AIM OF THE TASK
What you return must match the listing below exactly, minus any pictures.
##### SUPPLIED DATA
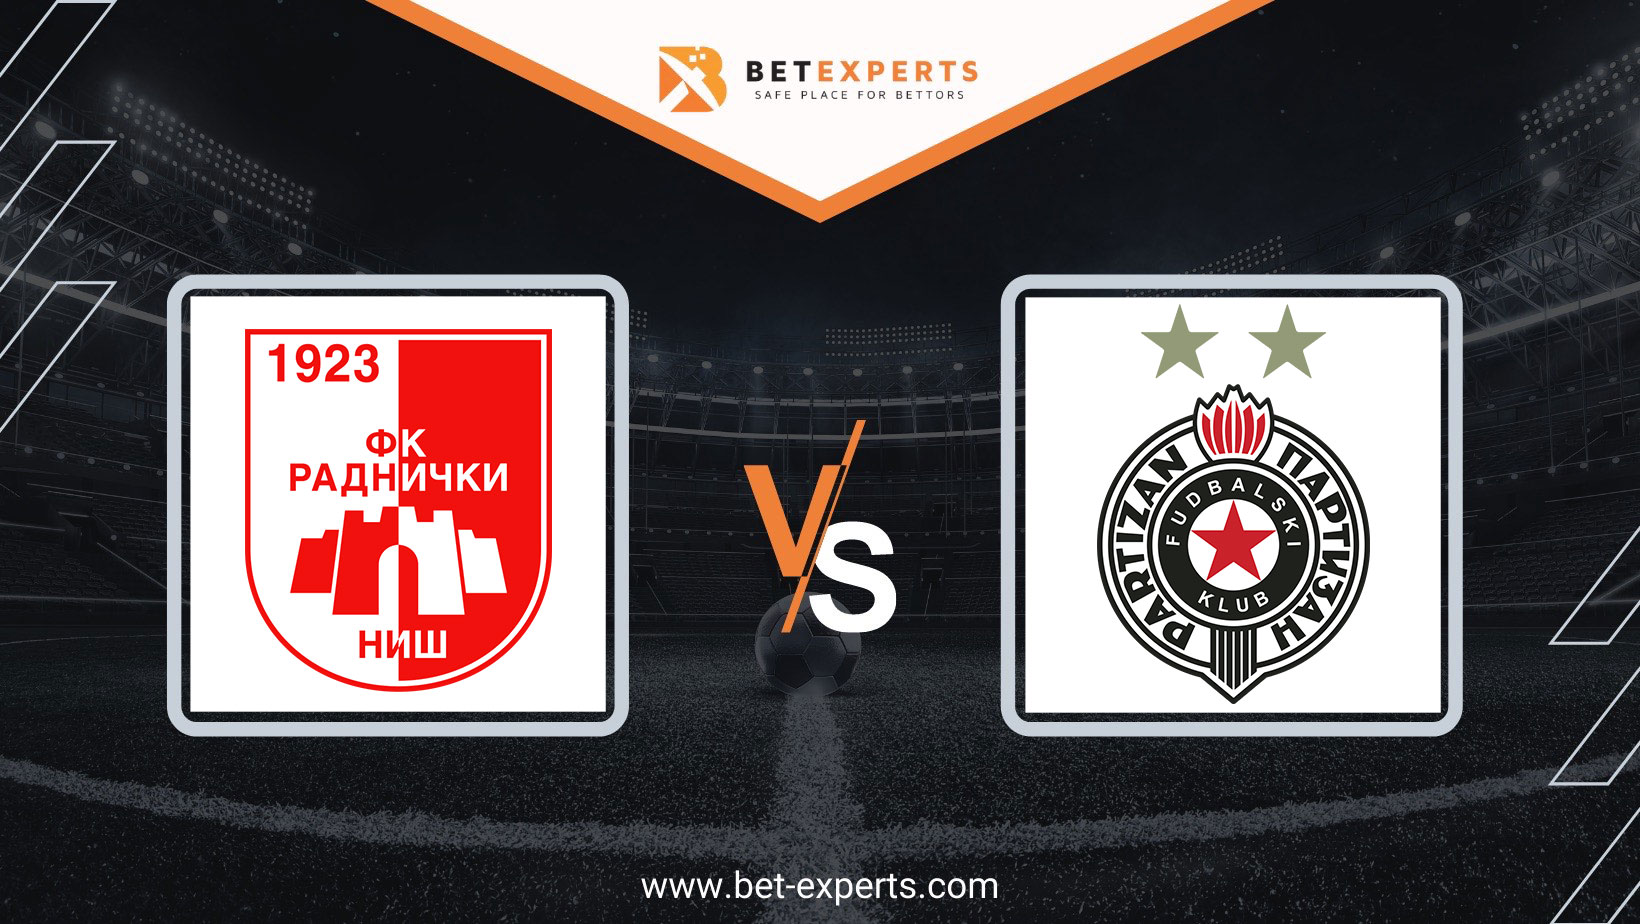 Radnicki Nis vs Proleter - live score, predicted lineups and H2H
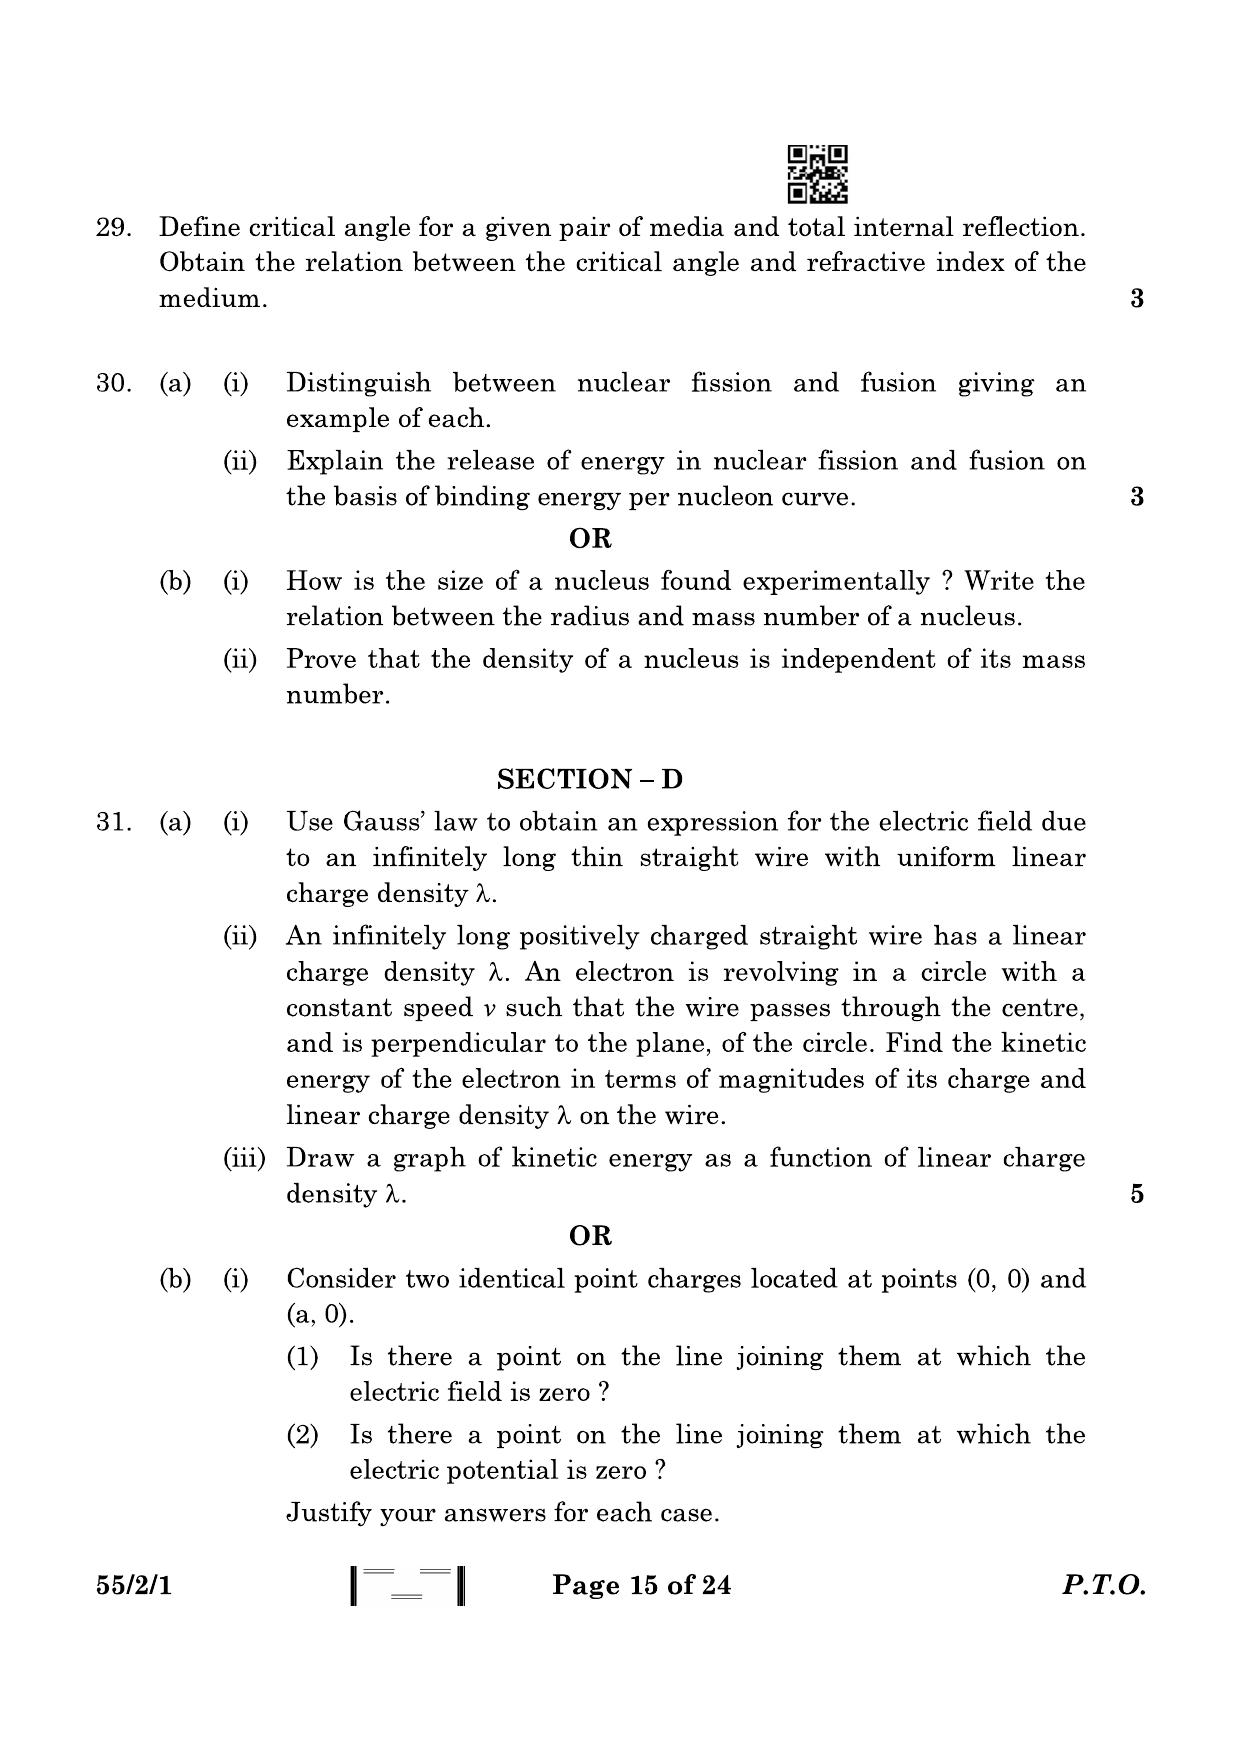 CBSE Class 12 55-2-1 Physics 2023 Question Paper - Page 15
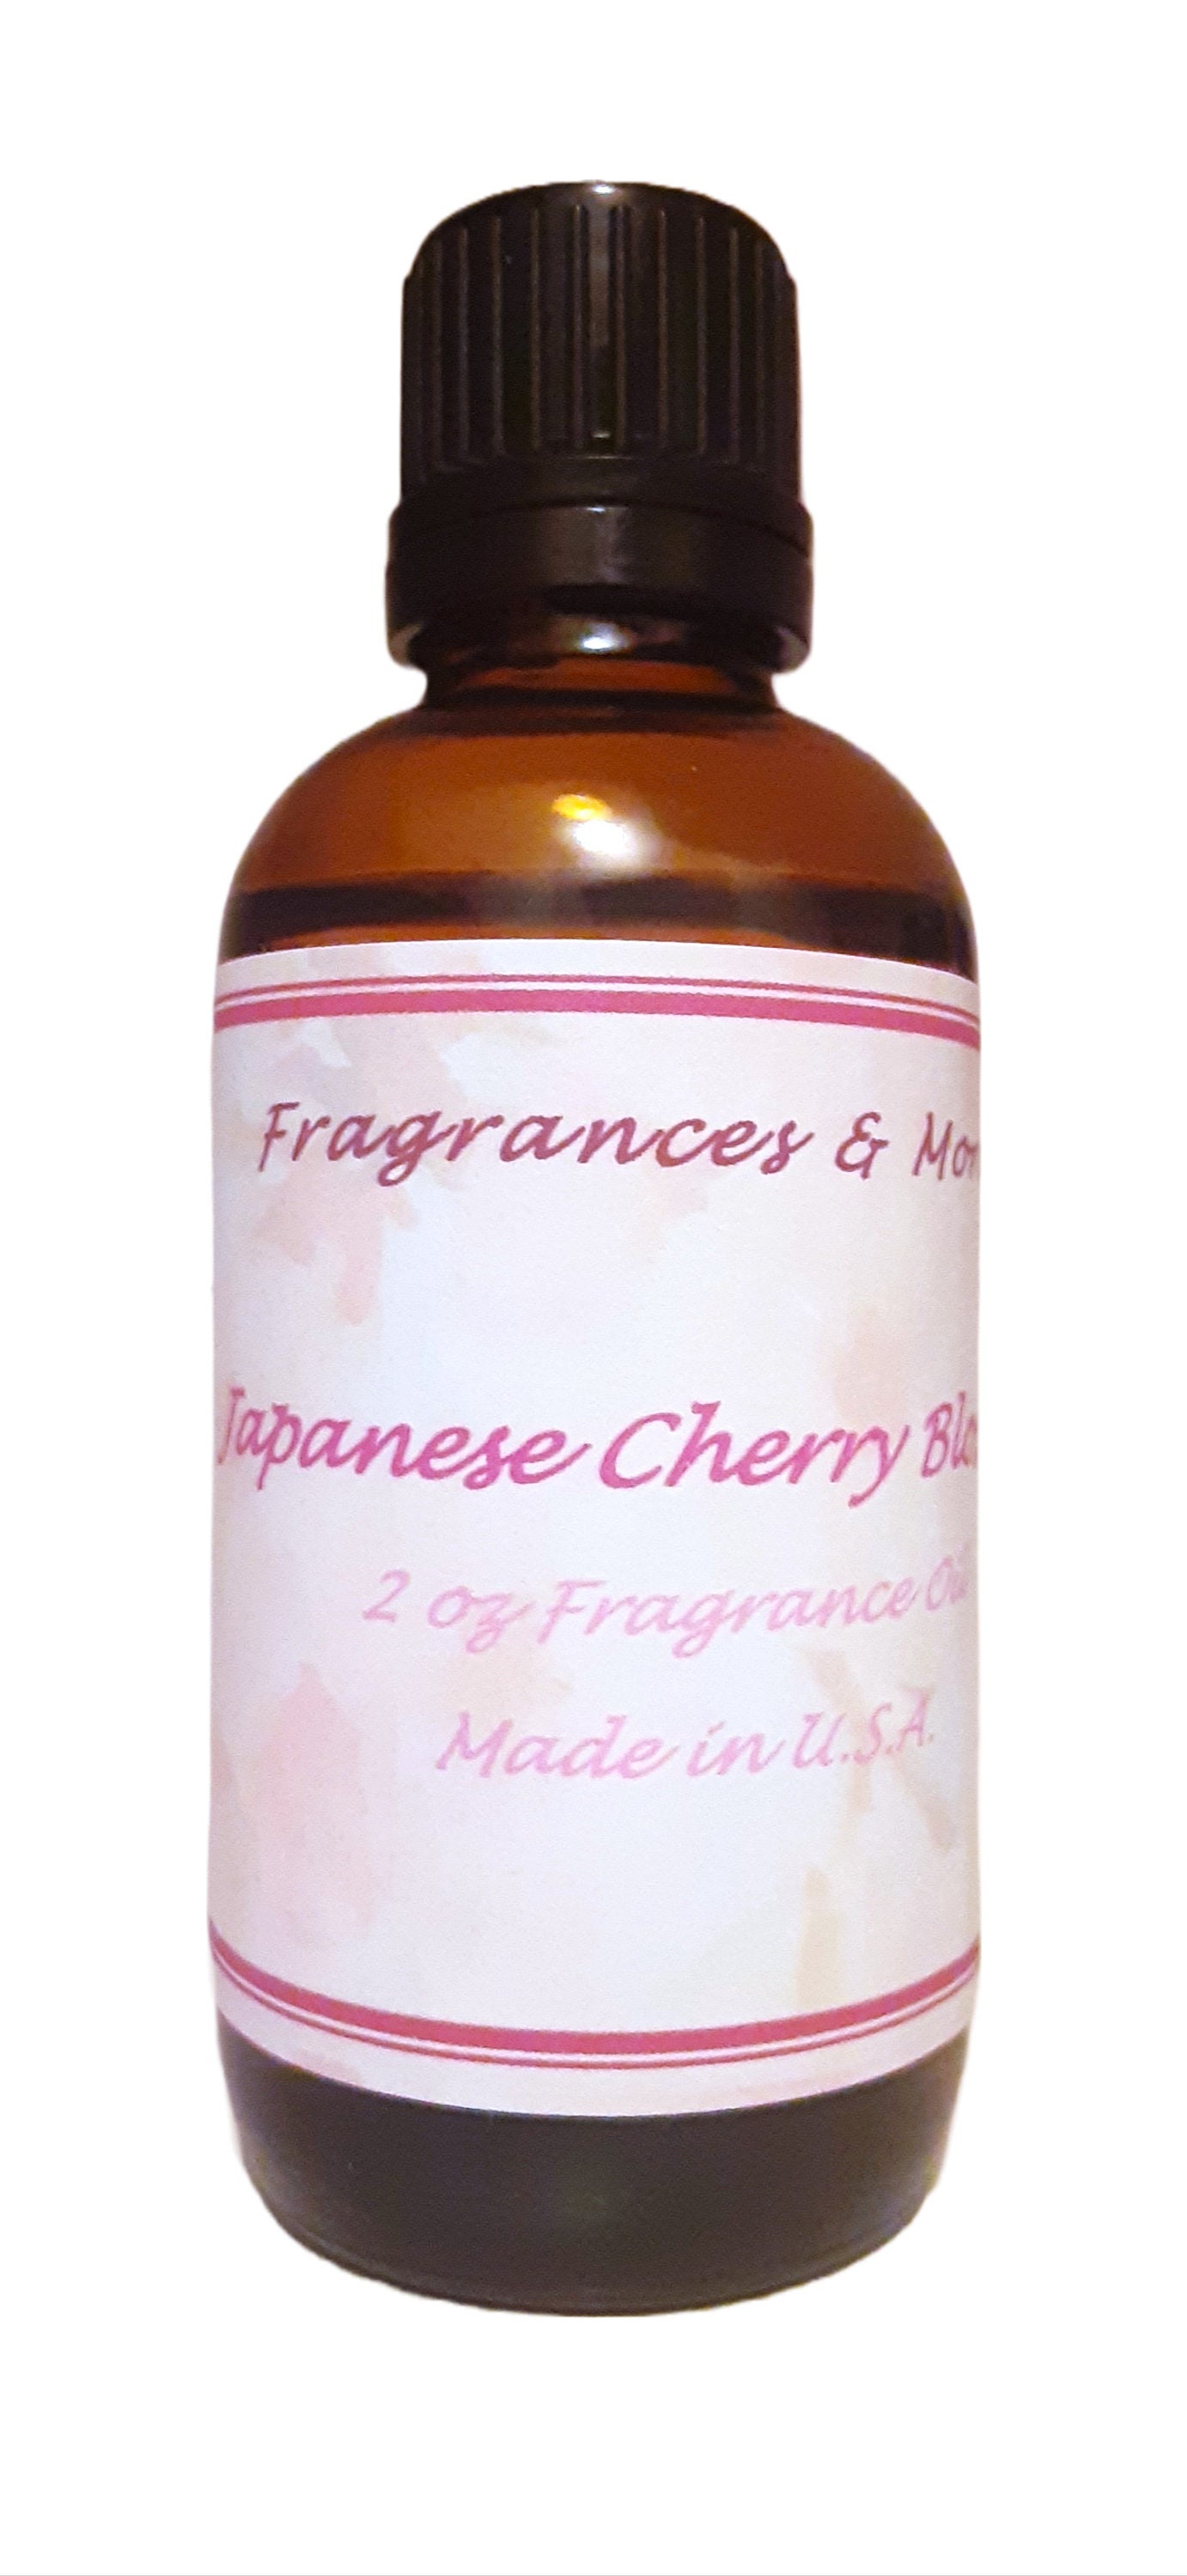 Japanese Cherry Blossom Fragrance Oil for Soap Making, Candle Making, Bath  and Body Products, Home Sprays, Diffusers and Much More. 2 Oz.
##########
WORKED SOLUTION
 Radnicki Nis vs Proleter - live score, predicted lineups and H2H
 CBSE Class 12 55-2-1 Physics 2023 Question Paper - Page 15
 Japanese Cherry Blossom Fragrance Oil for Soap Making, Candle Making, Bath  and Body Products, Home Sprays, Diffusers and Much More. 2 Oz.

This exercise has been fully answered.